В королевский сад Анна и Анастасия отправились вдвоем. Лишь где-то позади них шли русичи-телохранители, коих всякий раз высылал за королевой предусмотрительный Анастас. Королева и ее судьбоносица пришли к красивой беседке, коя была построена над водой протоки в нескольких шагах от берега. С одной стороны беседки сходили в воду ступени для купания. И Анна с Анастасией уже дважды купались вот так же, в ранних сумерках летнего погожего дня. При этом они вспоминали прелесть купания в родном Днепре.

На этот раз Анна и Анастасия уселись на скамью близ самой воды, и королева поведала товарке обо воем, что услышала от короля, что подспудно почувствовала и от чего лишилась покоя.

— Вот и прошу тебя, заботливая, сказать, откуда грозит нам беда, как ее избежать?

Анастасия выслушала Анну, не спуская с нее взора, однако ничего не ответила. Она уже знала судьбу венценосного сына Анны и Генриха и заглянула в нее в те дни, как он появился на свет. Той судьбе позавидовали бы многие государи. Она была благодатной и счастливой. Филиппу Первому суждено было простоять на престоле Франции столько лет, сколько ни до него, ни долгие десятилетия после него никто не стоял. Его корона будет сверкать на небосводе Франции долгих сорок восемь лет. И держава в эти годы станет постепенно набирать силу, богатеть, народ Франции будет дышать свободнее. И сам король Филипп Первый будет править государством мудро и спокойно. В его правление Франция отправит тысячи воинов на защиту Гроба Господня в первый крестовый поход к Иерусалиму. У Анастасии пока не было воли раскрыть Анне судьбу ее сына. Теперь же судьбоносная сказала лишь одно:

— Мне ведомо, откуда может прийти беда. Но ты сама в состоянии многое исправить. И время подскажет, как это сделать. Ты не бойся пойти на сближение с носительницей зла. Она бессильна тебе навредить, пока ты под крылом у Спасителя. Мне же надо помолиться и услышать слово Вседержителя.

— Но ты все-таки загляни за окоем, заботливая. Не грозят ли нам лютости завтра, послезавтра?
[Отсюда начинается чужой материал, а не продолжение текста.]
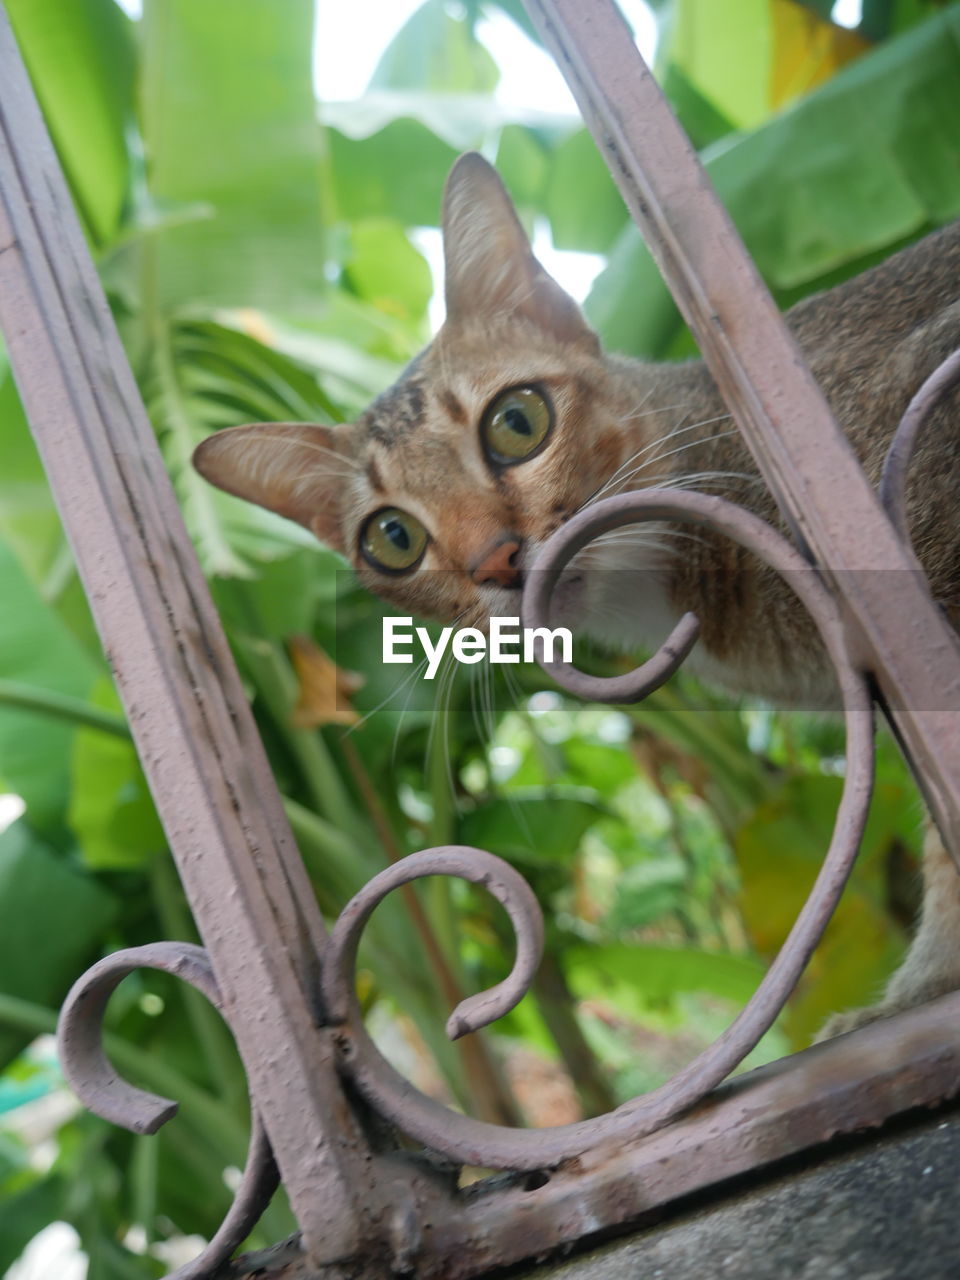 CLOSE-UP PORTRAIT OF A CAT ON PLANT

Анастасия многажды охотно исполняла желания Анны. Но сегодня ее что-то настораживало. И чем больше она думала о том, тем отчетливее перед взором вырисовывался храм Божий. Но это не был православный храм, не поднимались над ним купола с крестами. Он не сверкал белизной камня, как киевская Святая София Премудрости. Темно-красная громада пиками вонзалась в небо, заслоняя собой белый свет. За храмом небеса то и дело окрашивались огненными всполохами. У Анастасии разболелась голова, и она не могла разгадать суть явления. В висках, словно на двух наковальнях, стучали кузнецы. Анастасия попыталась вырваться из цепких объятий боли, но ей это не удалось. И тогда она шагнула к воде и стала пригоршнями бросать ее в лицо. Ей полегчало. Она распрямилась, посмотрела в сумеречное небо, помолилась Всевышнему. Вновь склонилась к протоке, разгребла живую воду и всмотрелась в глубь. Видение перед ее взором не изменилось: все так же в небо возносился стрельчатый храм и за ним играли огненные всполохи. И ничто не открывало ясновидящей суть явления. Больше того, Анастасия почувствовала, как по ее телу разливается слабость, а в голове вызванивала наковаленка: «Не дерзай! Не дерзай!»

В этот миг рядом с Анастасией возникла Анна и тоже склонилась над протокой. Она всматривалась в живую воду долго, что-то увидела там, но что, Анастасия того не ведала. Прошло еще несколько мгновений, и королева вдруг стремительно отшатнулась от воды, упала. Анастасия метнулась к ней и помогла встать.

— Зачем ты подошла к воде, Ярославна? Зачем?

— Я должна была увидеть то, что открылось тебе.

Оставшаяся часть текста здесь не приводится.